New structural families
- Polycyclic musks (Galaxolide 1974) replaced nitro‑musks.
- Calone (1988) kicked off the marine “aquatic” wave (L’Eau d’Issey 1992).
🚀 Perfumery in the 21st Century
Sustainability
- Up‑cycled extracts (e.g., orange‑peel terpenes) valorise food‑industry waste.
- Biotech firms like Firmenich & Amyris bio‑ferment captive molecules (Clearwood™, Dreamwood™) to spare endangered sandalwoods.
Digital & AI
- Machine‑learning models predict note volatility, propose accord substitutes, and mine social‑media for trend forecasting.
- Generative tools (Scentmate™, Carto) let junior perfumers drag‑and‑drop accords while the algorithm keeps IFRA compliance in check.
🌲 The Fragrance Pyramid (Volatility Hierarchy)
Layer | Lifespan on skin | Typical notes |
---|---|---|
Top ⏱️ | 0 – 15 min | Citrus, aldehydes, herbs |
Heart ❤️ | 15 min – 4 h | Flowers, spices, tea |
Base 🛌 | 4 h – 24 h+ | Musks, woods, resins, vanilla |
🗂️ Olfactive Families Cheat‑Sheet
- Citrus / Hespéridé 🍋 – bergamot, neroli, petitgrain
- Fougère 🌿 – lavender + oakmoss + coumarin
- Chypre 🍂 – bergamot–labdanum–oakmoss triangle
- Floral 🌸 – rose, jasmine, tuberose (soliflores or bouquets)

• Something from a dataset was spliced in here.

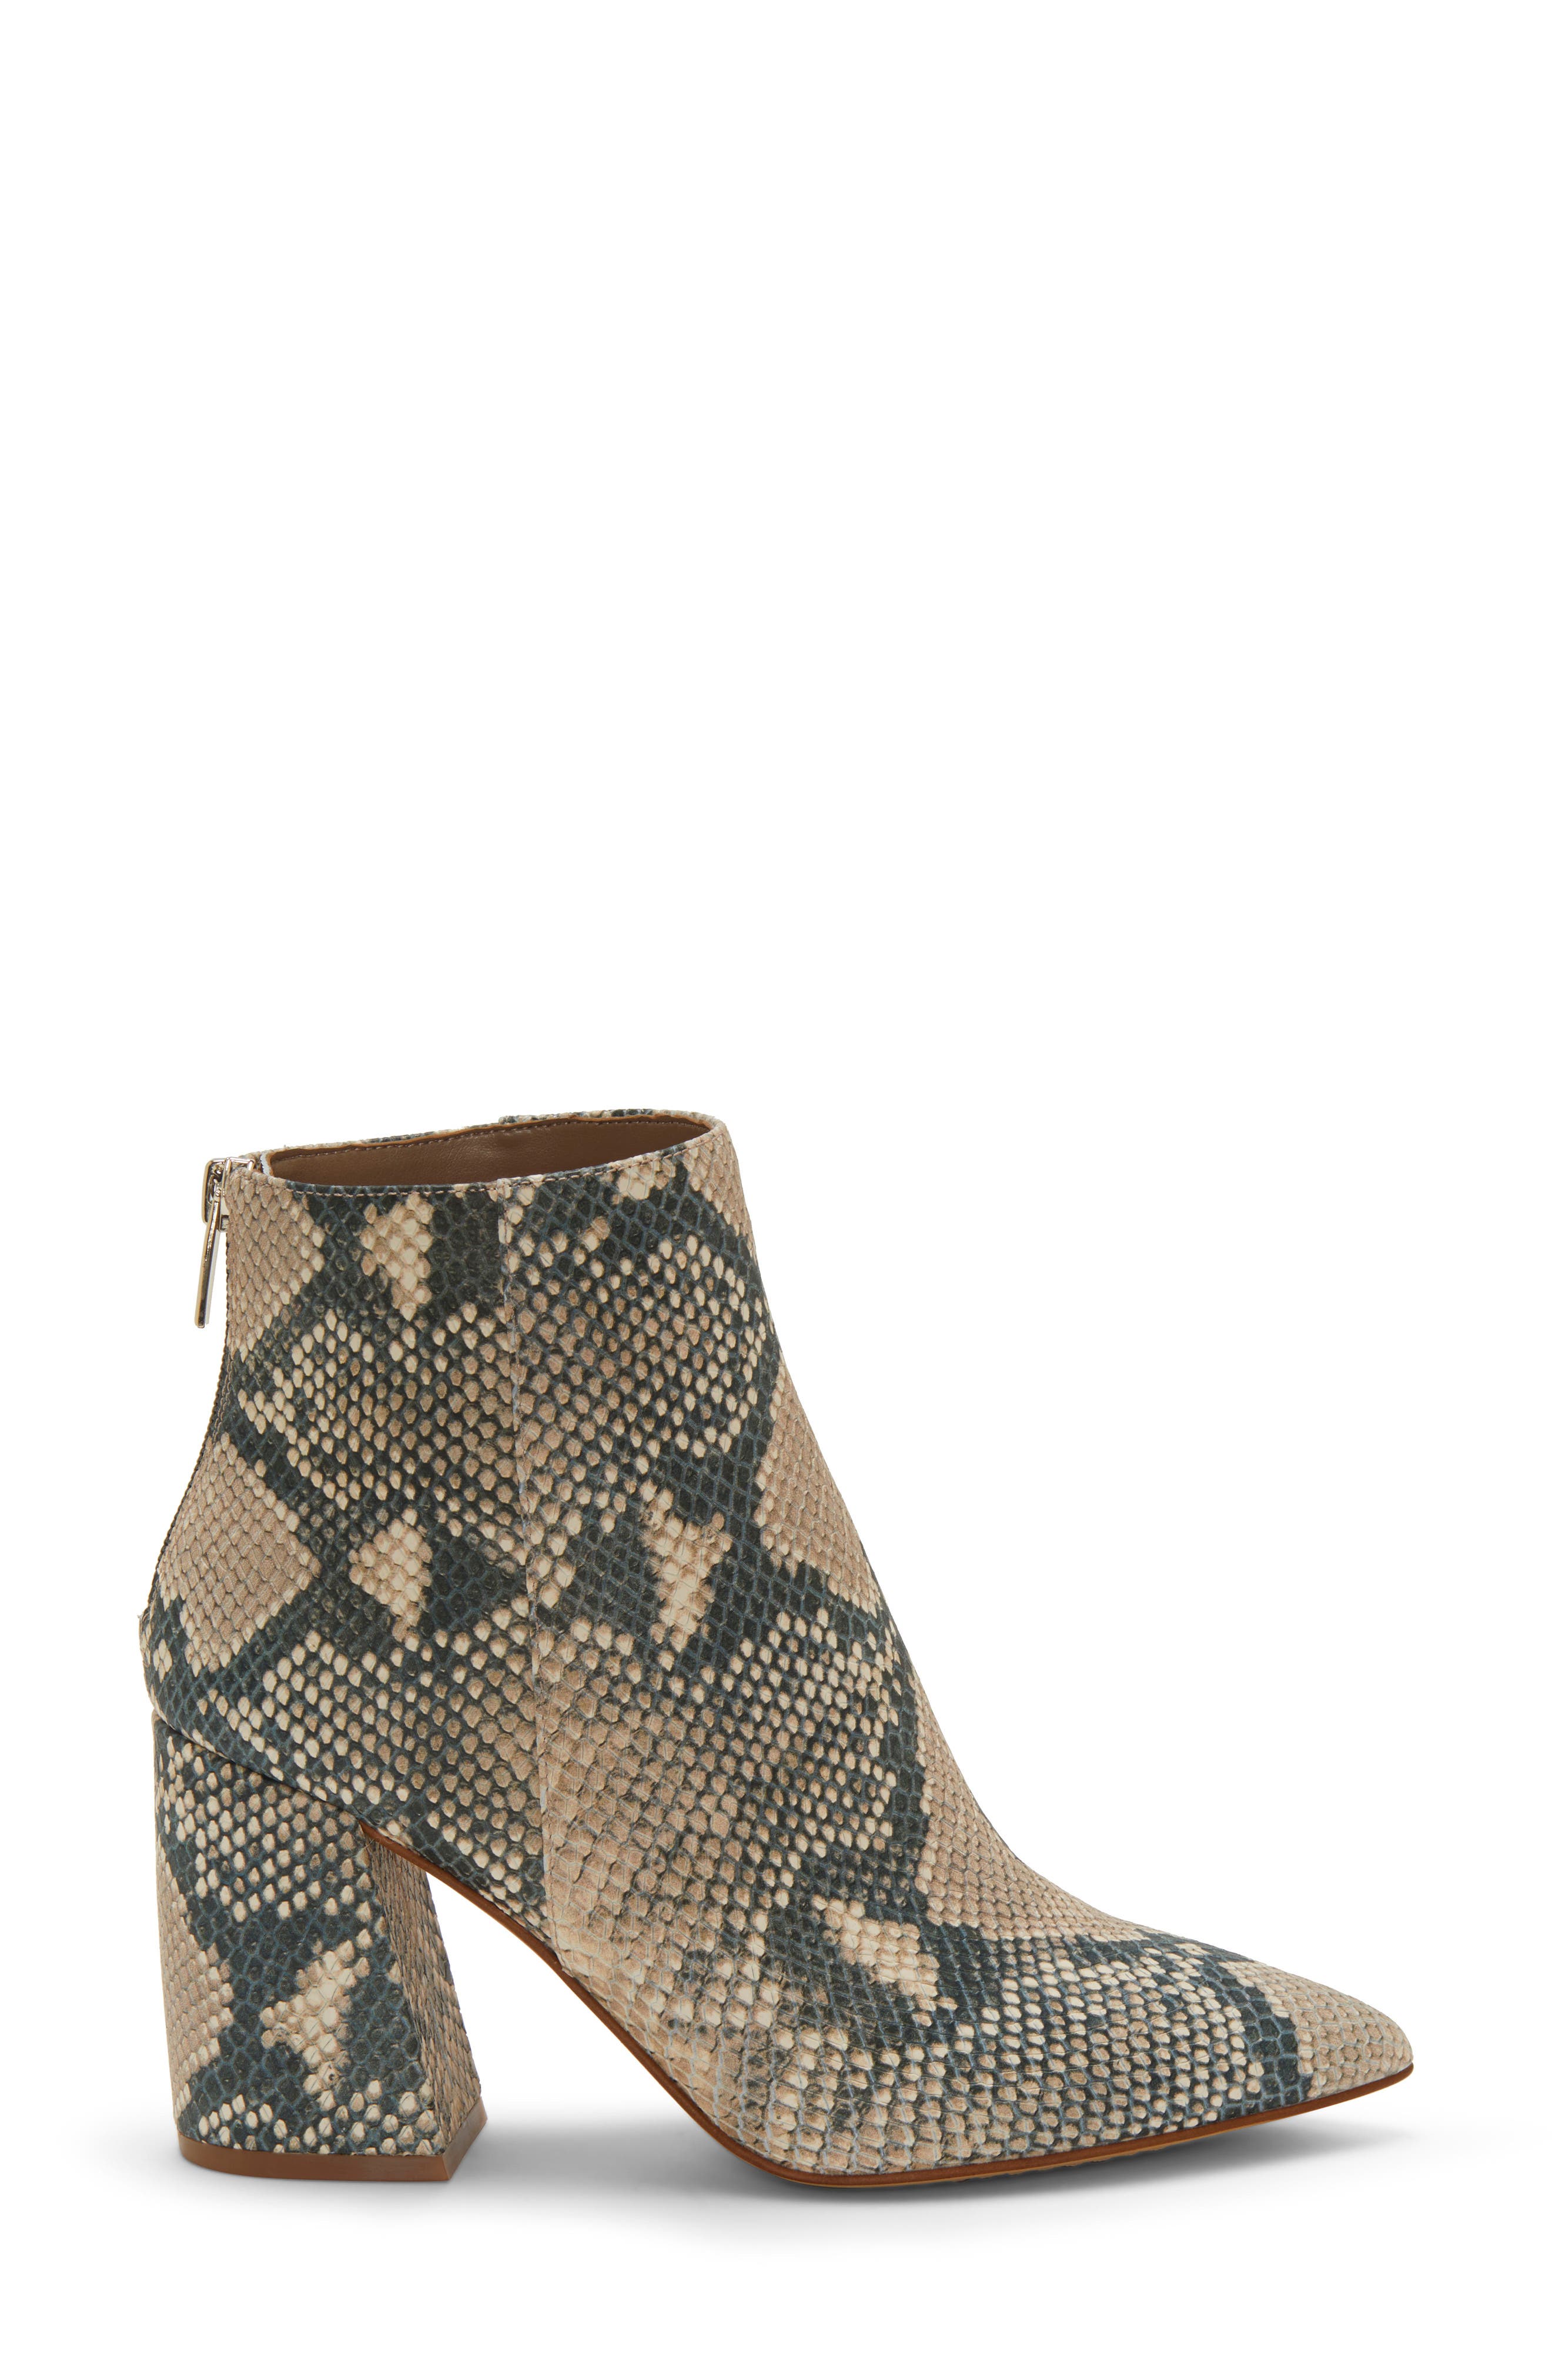 vince camuto pointed toe bootie

- Oriental / Ambery 🔥 – vanilla, benzoin, spices
- Woody 🌲 – cedar, vetiver, sandalwood (dry), oud (smoky)
- Leather 🧥 – birch tar, isobutyl quinoline
- Aquatic 🌊 – calone, floralozone
- Gourmand 🍰 – ethyl maltol, caramel, praline accords
🧬 Formula Anatomy
A fine‑fragrance concentrate (“juice”) typically contains:
Component | % w/w |
---|---|
Aroma chemicals (natural & synthetic) | 20 – 30 % |
Ethanol (denatured) | 70 – 80 % |
BHT / stabilisers | 0.05 % |
Water or dipropylene glycol (sometimes) | qs |
Rule of thumb: strong top notes ≈ low boiling‑point molecules (C₉ – C₁₂); deep base ≈ high‑molecular‑weight musks & woods (C₁₅+).